**TASK DIRECTIONS**
Transcribe the listing below exactly, without pictures.

**DATA PROVIDED**

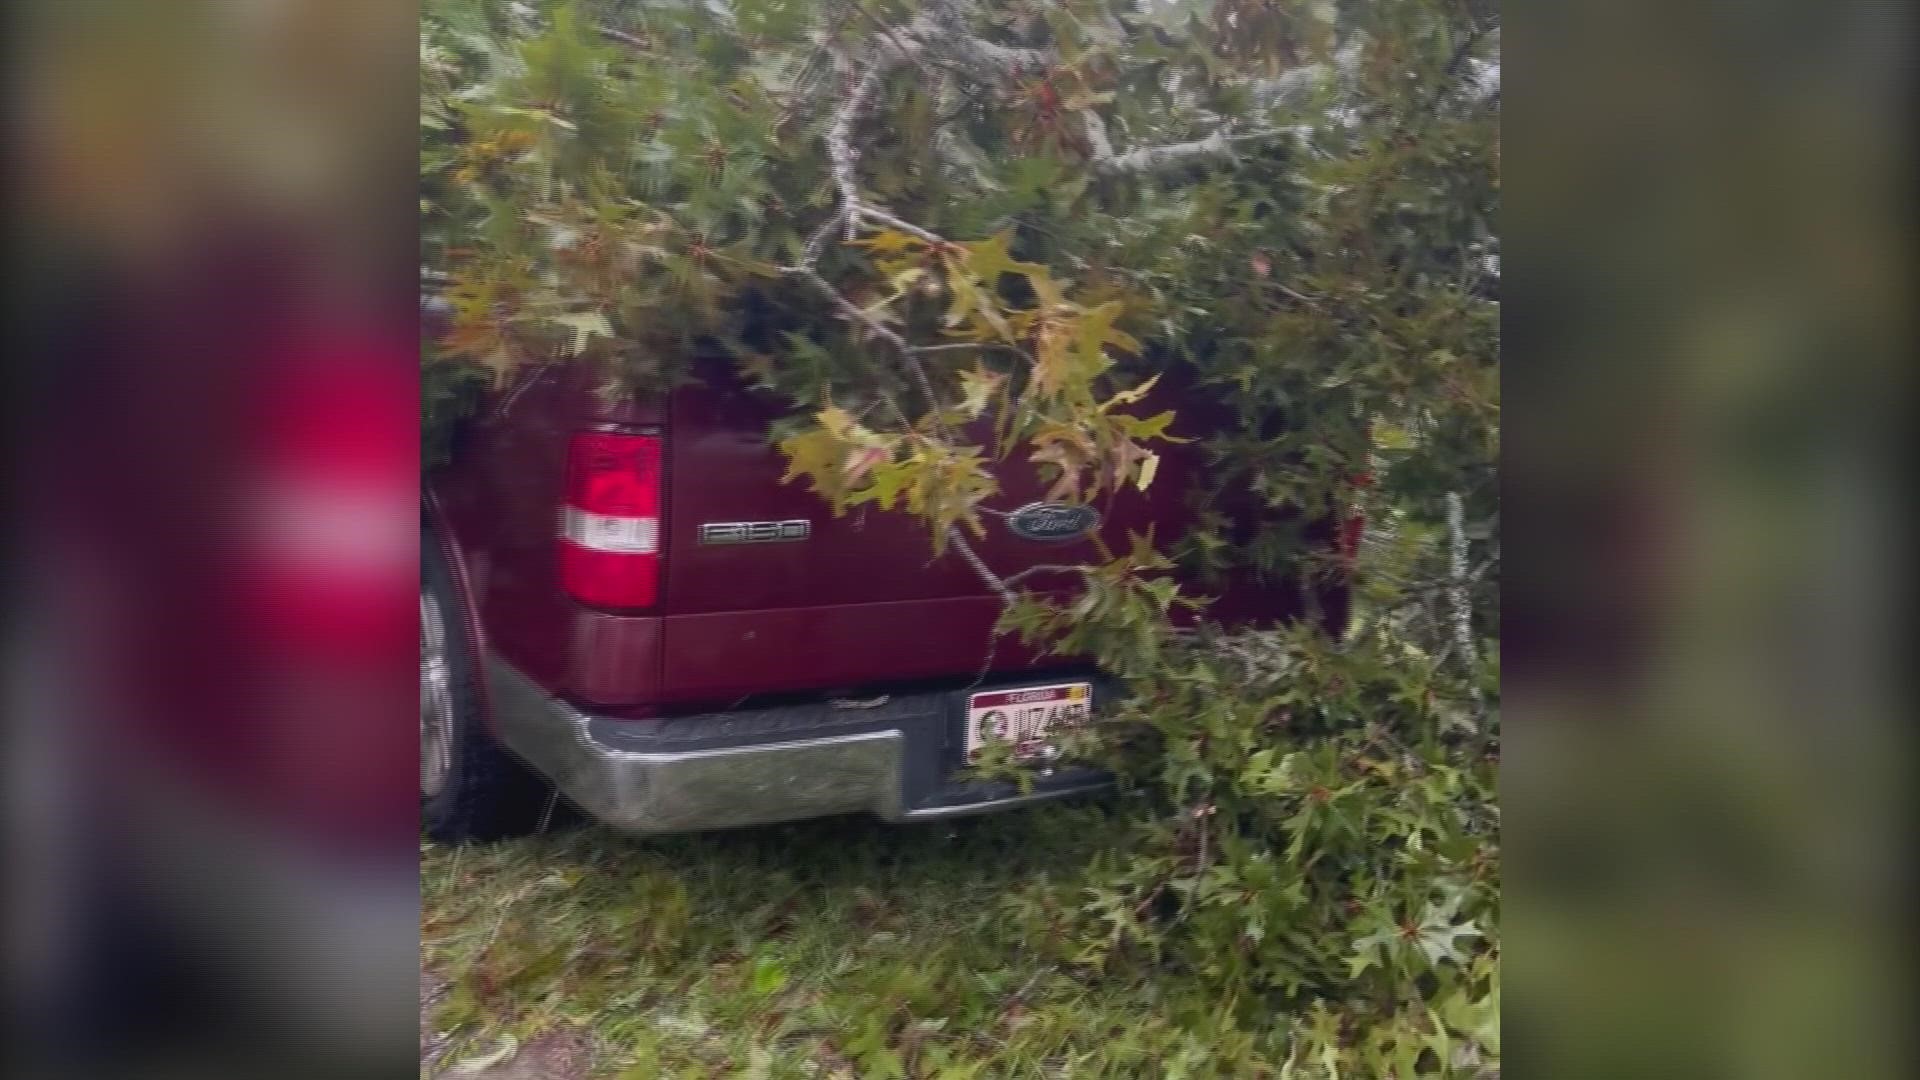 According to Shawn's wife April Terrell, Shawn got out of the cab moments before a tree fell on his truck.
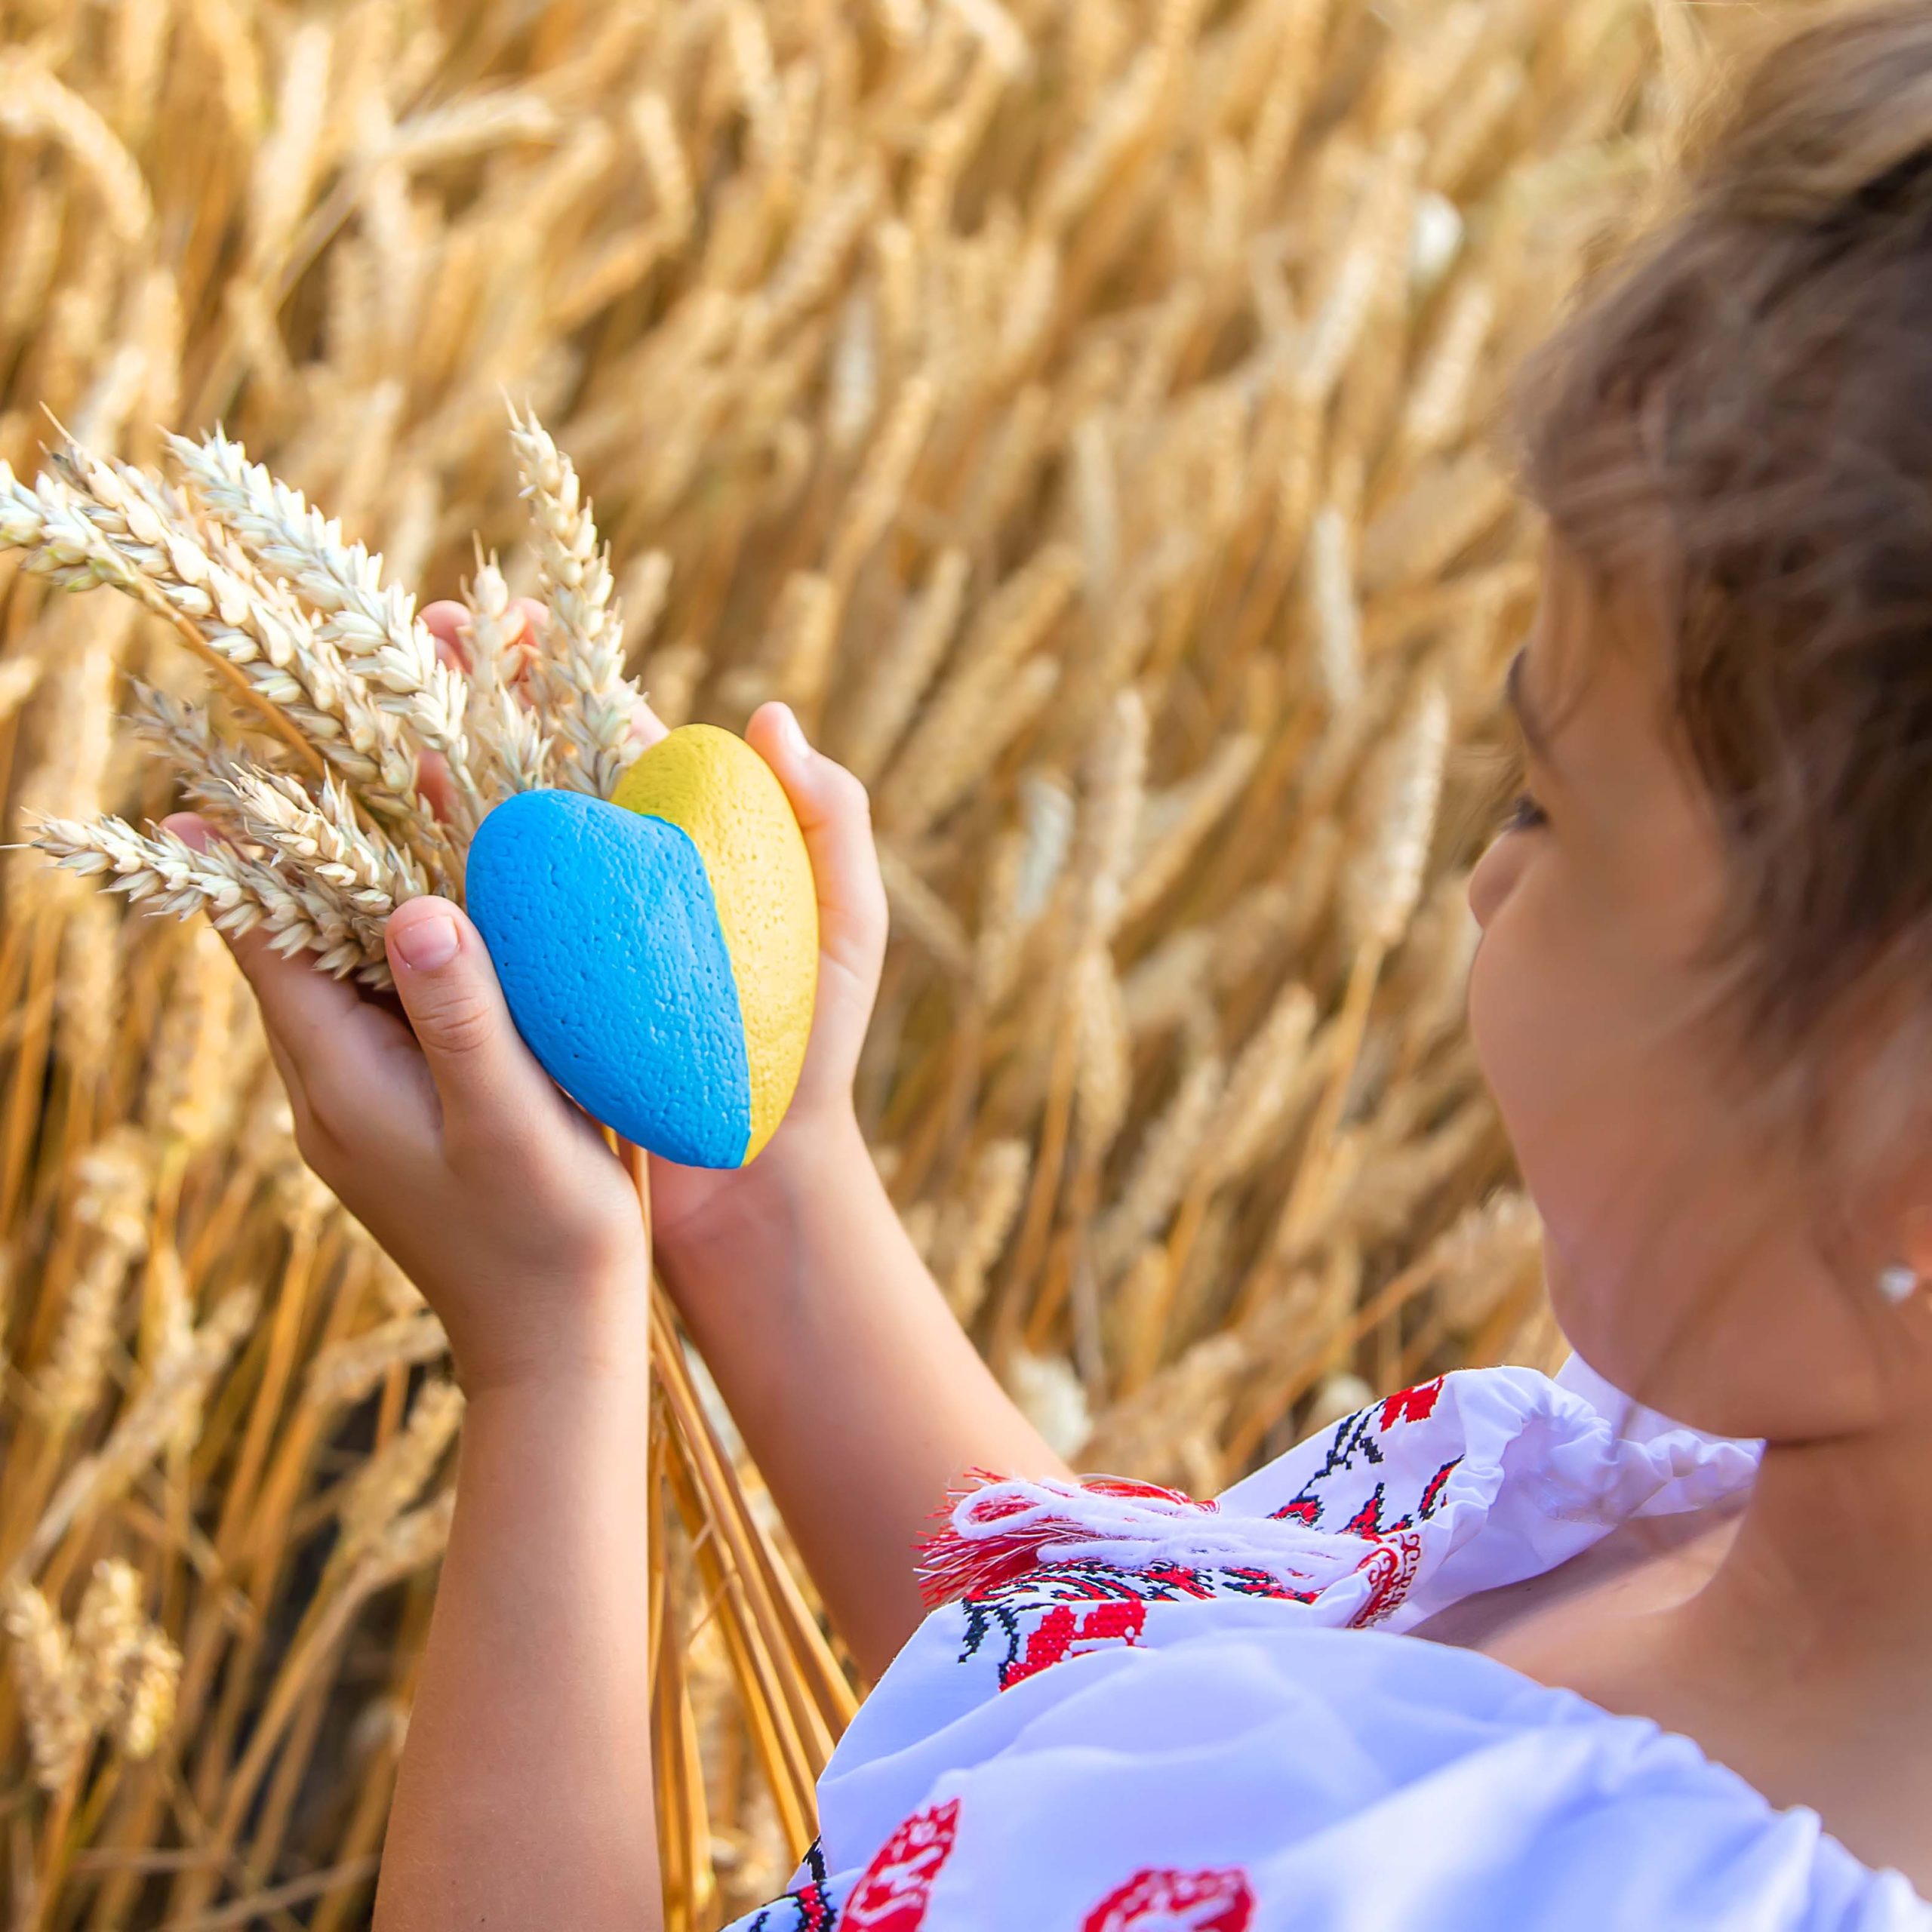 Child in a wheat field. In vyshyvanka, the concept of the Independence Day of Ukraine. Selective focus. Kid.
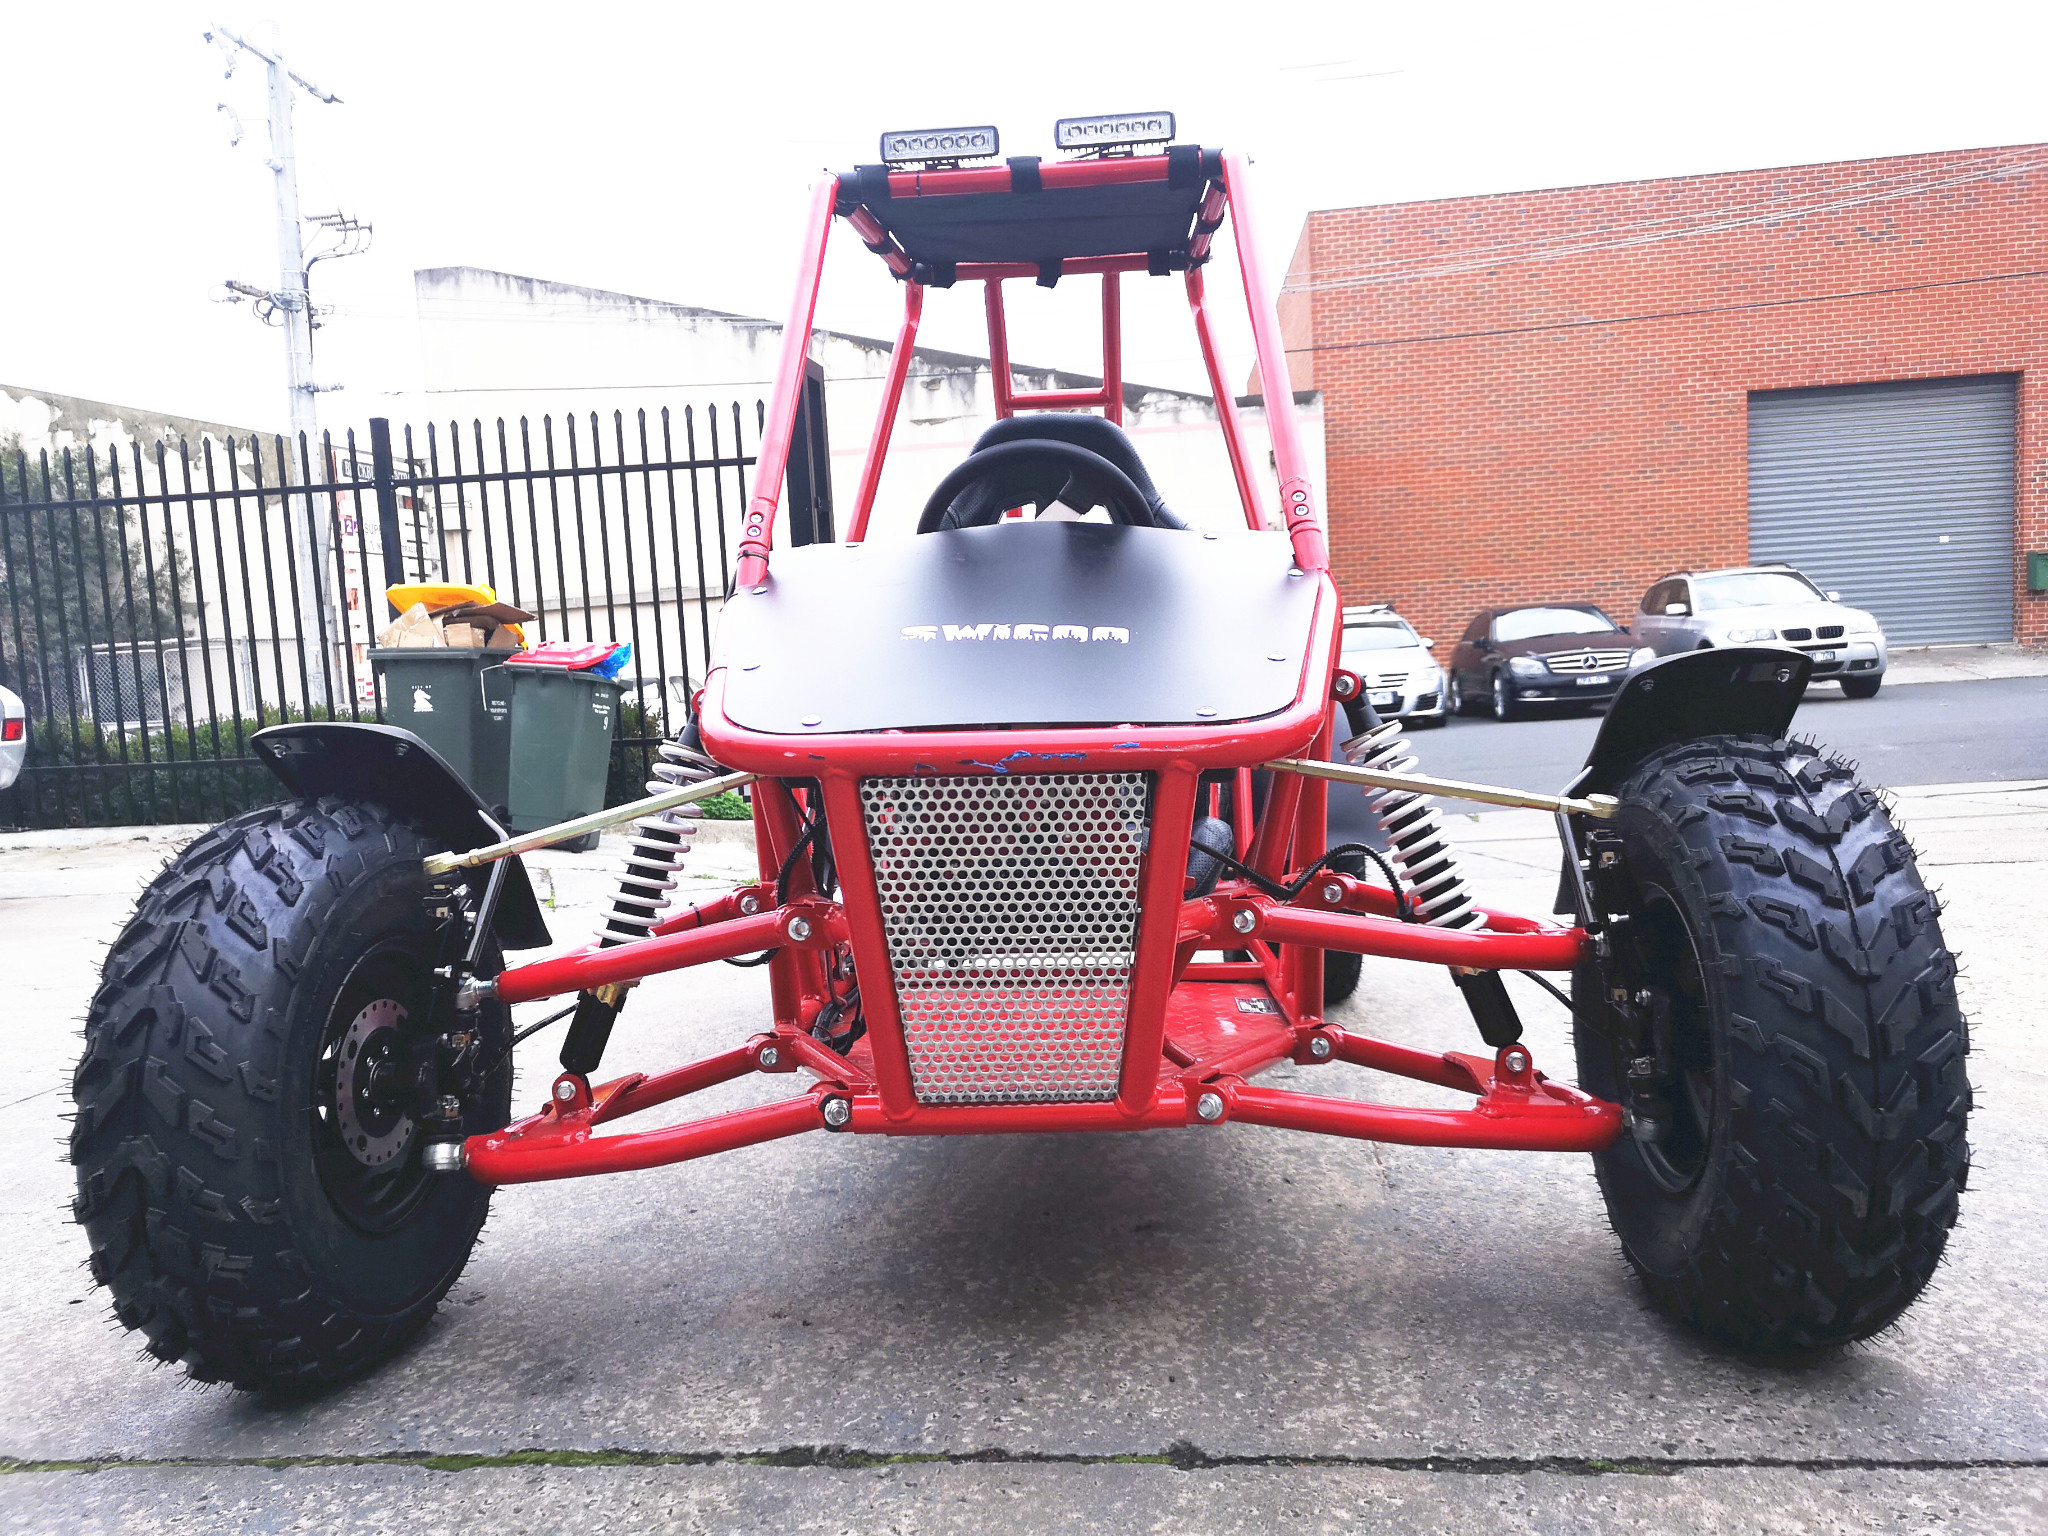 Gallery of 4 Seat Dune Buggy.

**WRITTEN SOLUTION**
 According to Shawn's wife April Terrell, Shawn got out of the cab moments before a tree fell on his truck.
 Child in a wheat field. In vyshyvanka, the concept of the Independence Day of Ukraine. Selective focus. Kid.
 Gallery of 4 Seat Dune Buggy.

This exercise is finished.